Dr Terry Hanley is the Programme Director of the Doctorate in Counselling Psychology within the Manchester Institute of Education. Dr Hanley discusses his belief that people need a therapeutic approach to suit them and that one size does not fit all. He maintains that this should be at the heart of any therapeutic work. He also talks about being creative in therapy, citing the Manchester branch of 'Freedom from Torture' as an example, where he provides psychological support to a football project.
Dr Hanley also discusses evidence in therapy.
“[evidence for CBT] complies with a lot of the norms within the more medicalised perspective of evidence-based practice…More humanistic or psychodynamic models have, however, prized different forms of evidence…So there is more qualitative research being conducted on those types of approaches which complies to a different frame of science, which we shouldn’t ignore or undermine.”
Miranda Wolpert, MBE, is a Professor in Evidence Based Practice and Research at UCL and Founder and Co-Director of the Evidence Based Practice Unit. She is also Co-Founder and Director of the Child Outcomes Research Consortium. In this video interview, Professor Wolpert discusses the distinction between need and demand for mental health support, choice in therapeutic approaches, valuing individual therapeutic activity and the importance of evidence.
“I think this [choice] is one of the big challenges for the mental health community currently. I think we need to question and think about the choices that are available and to think much wider than we have to date. Not just choices within therapy but choices beyond therapy and for people’s lives more generally.”
A thousand ways to therapy:
The importance of choice
In ‘A Thousand Ways to Therapy: The Importance of Choice”, we are gathering expert views on the importance of therapeutic choice. We’re also asking if we are eroding this choice and risking the recovery process as only those therapies with the requisite quantitative evidence-base become ‘NHS-recommended’.
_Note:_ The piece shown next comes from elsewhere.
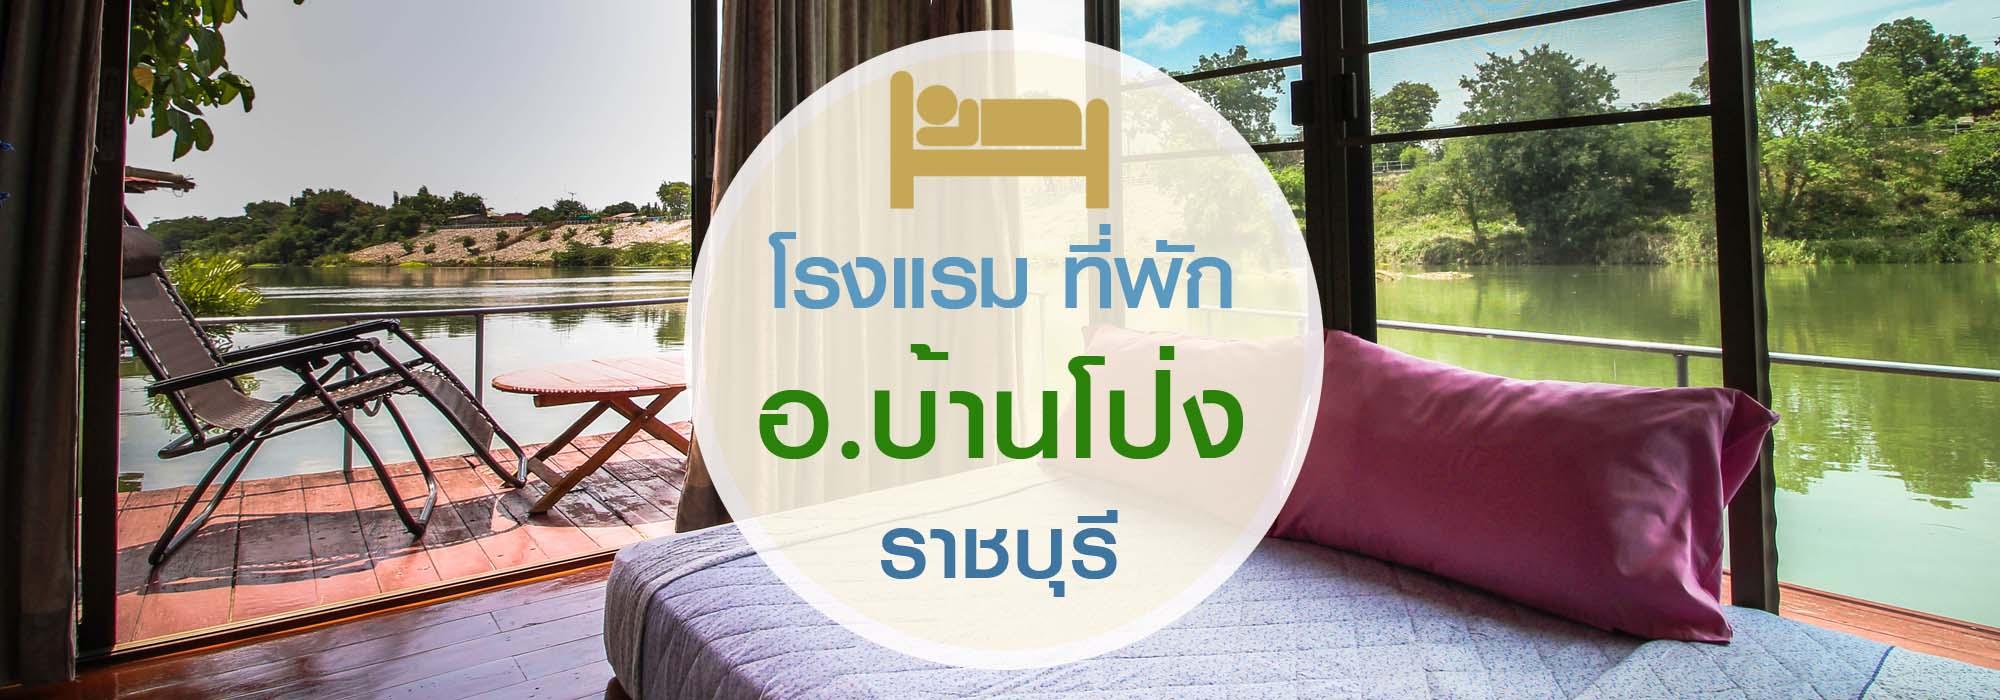 hotel rb_bp

XenZone Clinical Director Dr Lynne Green is a consultant clinical psychologist with 20 years’ NHS experience. In her foreword, Dr Green states that to secure best outcomes, different interventions may be required and that sometimes, the most appropriate treatment for a particular individual may not be the one that has the greatest evidence base. At the same time, offering treatments shown to result in positive outcomes for many is good practice and should remain central to the provision of health care, Dr Green believes that reliance on such evidence-based approaches should not stifle innovation:
“It is crucial that we find new ways of working and demonstrating impact. This means we need to do different things, ask different questions and use different methodologies than we are used to. We need to be creative in working out what will work and for whom, and do this collaboratively with those – and for those - who use our services.”
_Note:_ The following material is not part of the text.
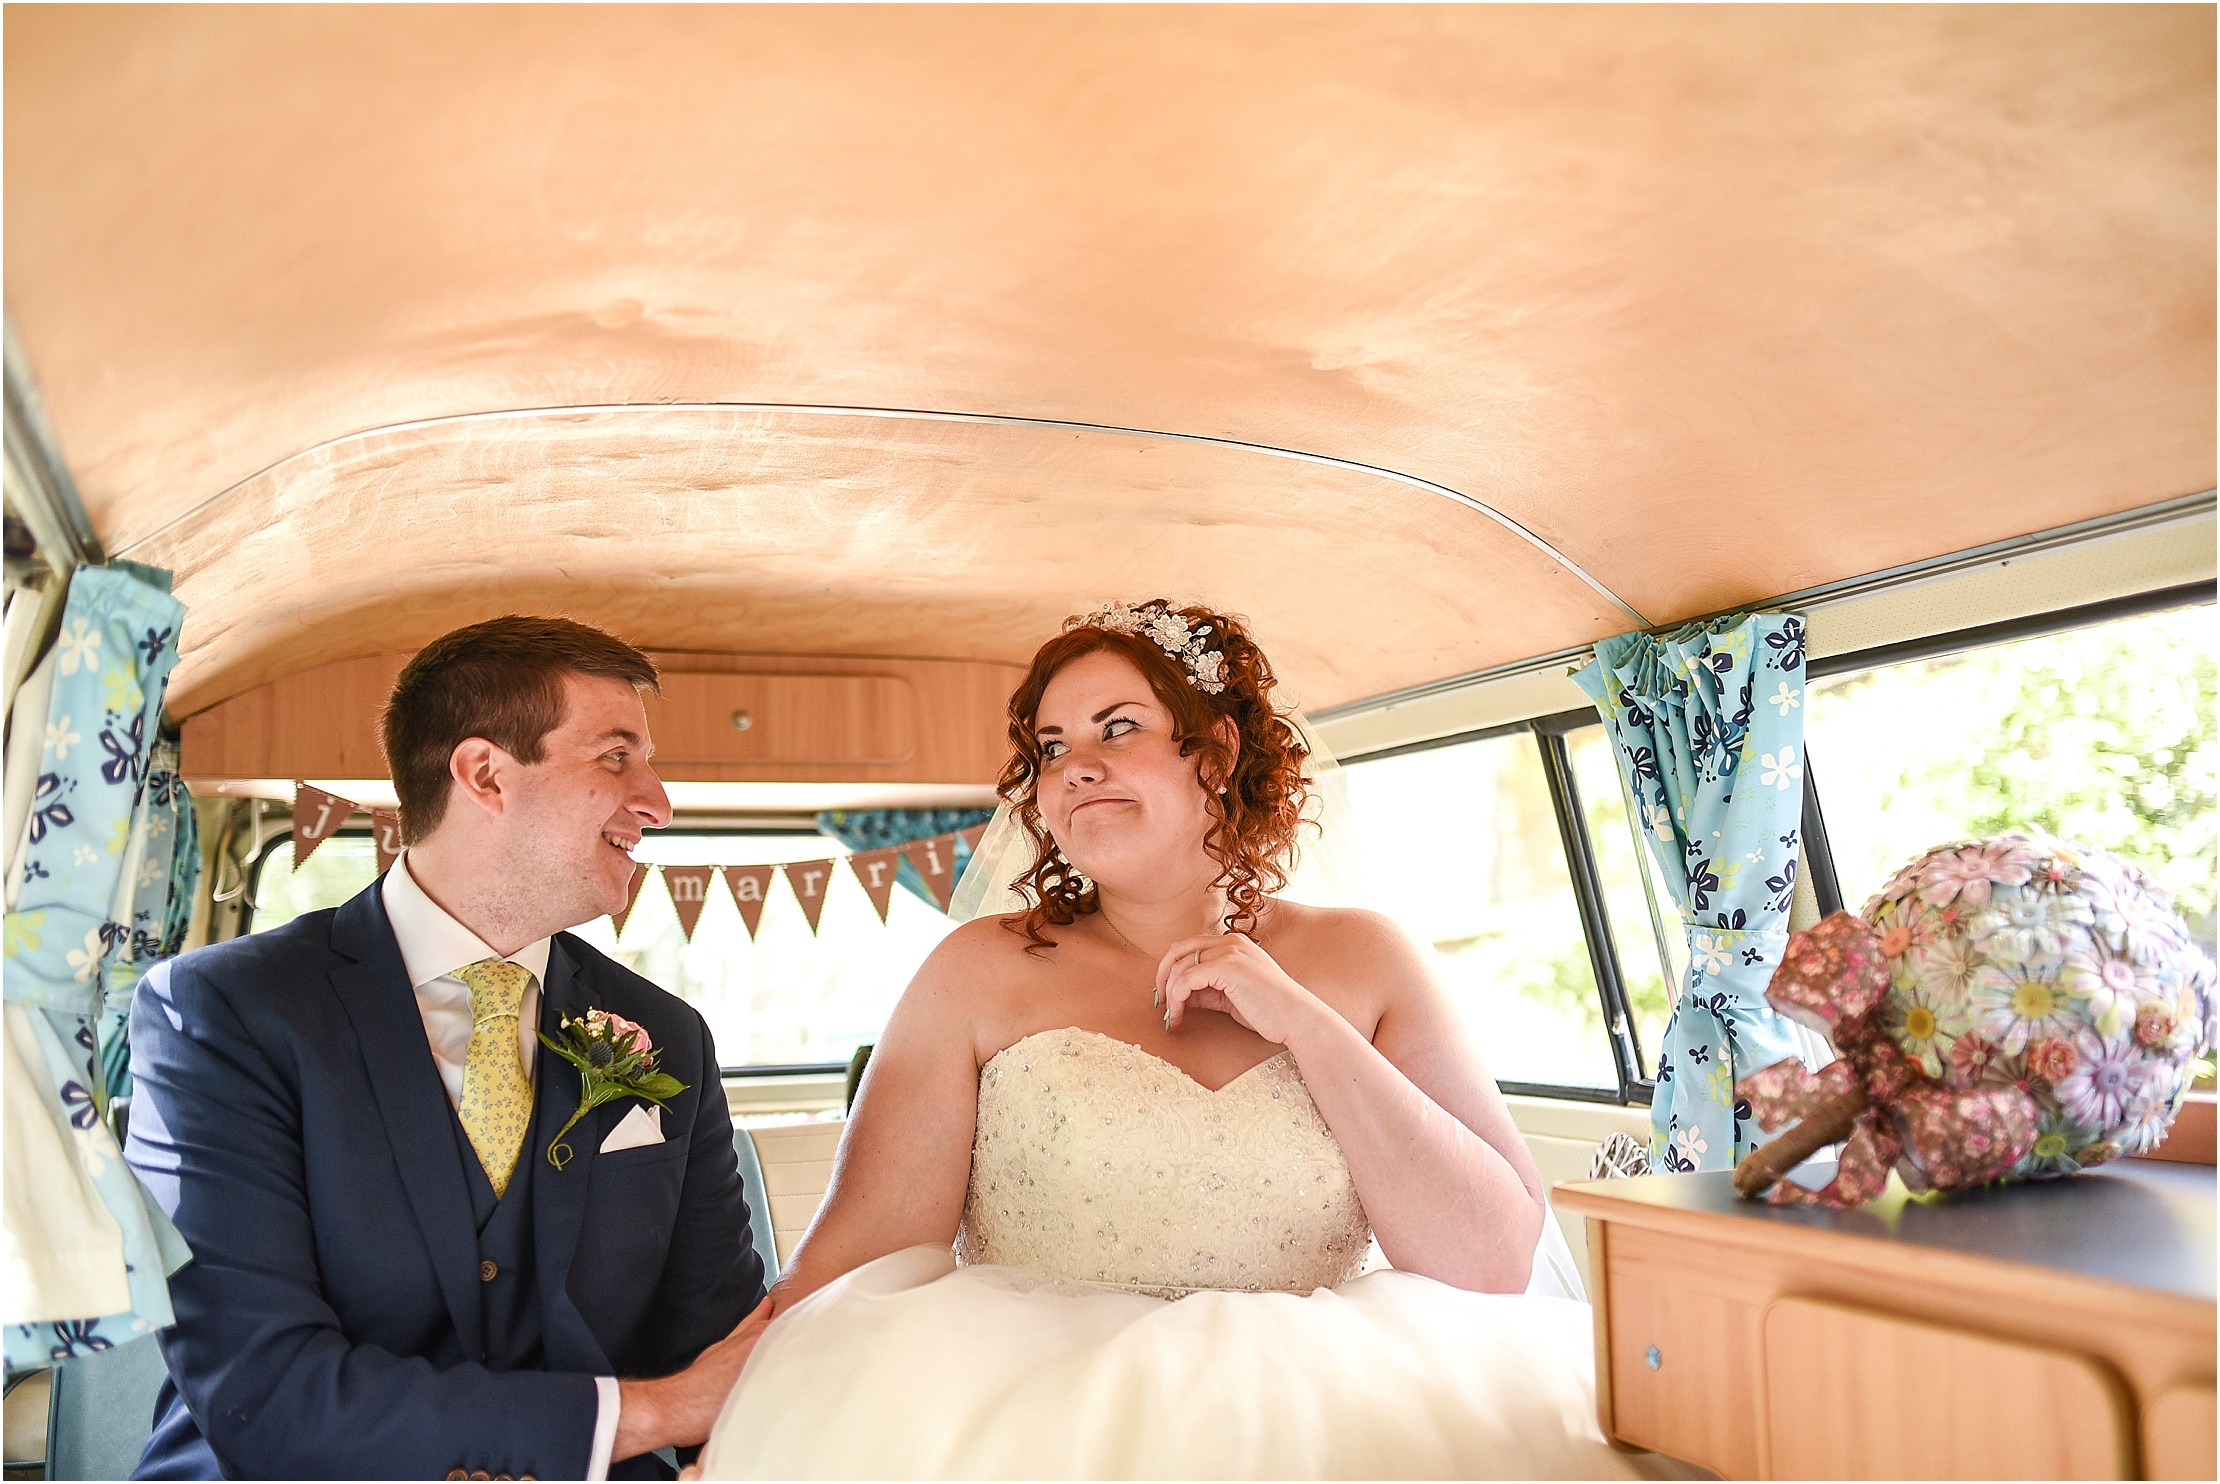 shireburn-arms-wedding- 074.jpg

Aaron Sefi, Research and Evaluation Director at XenZone, has summarised his concerns about the future of therapeutic choice in an article, drawing on the views of our panel of experts. He maintains that because we prize a specific brand of quantitative evidence, we are encouraging a prescriptive and singular approach to mental health support. This, he points out, directly contravenes the principle of choice we know is so important.
Additionally, Aaron states that the field of therapy is moving quickly, with innovative approaches and modalities developing apace. To wait years building a top down evidence base risks blocking the availability of such treatments to those who could benefit today. Arguing against a therapeutic monoculture, Aaron says: “We should be open to finding new ways to demonstrate impact, deploying different methodologies which practice-based evidence shows us will benefit a client.”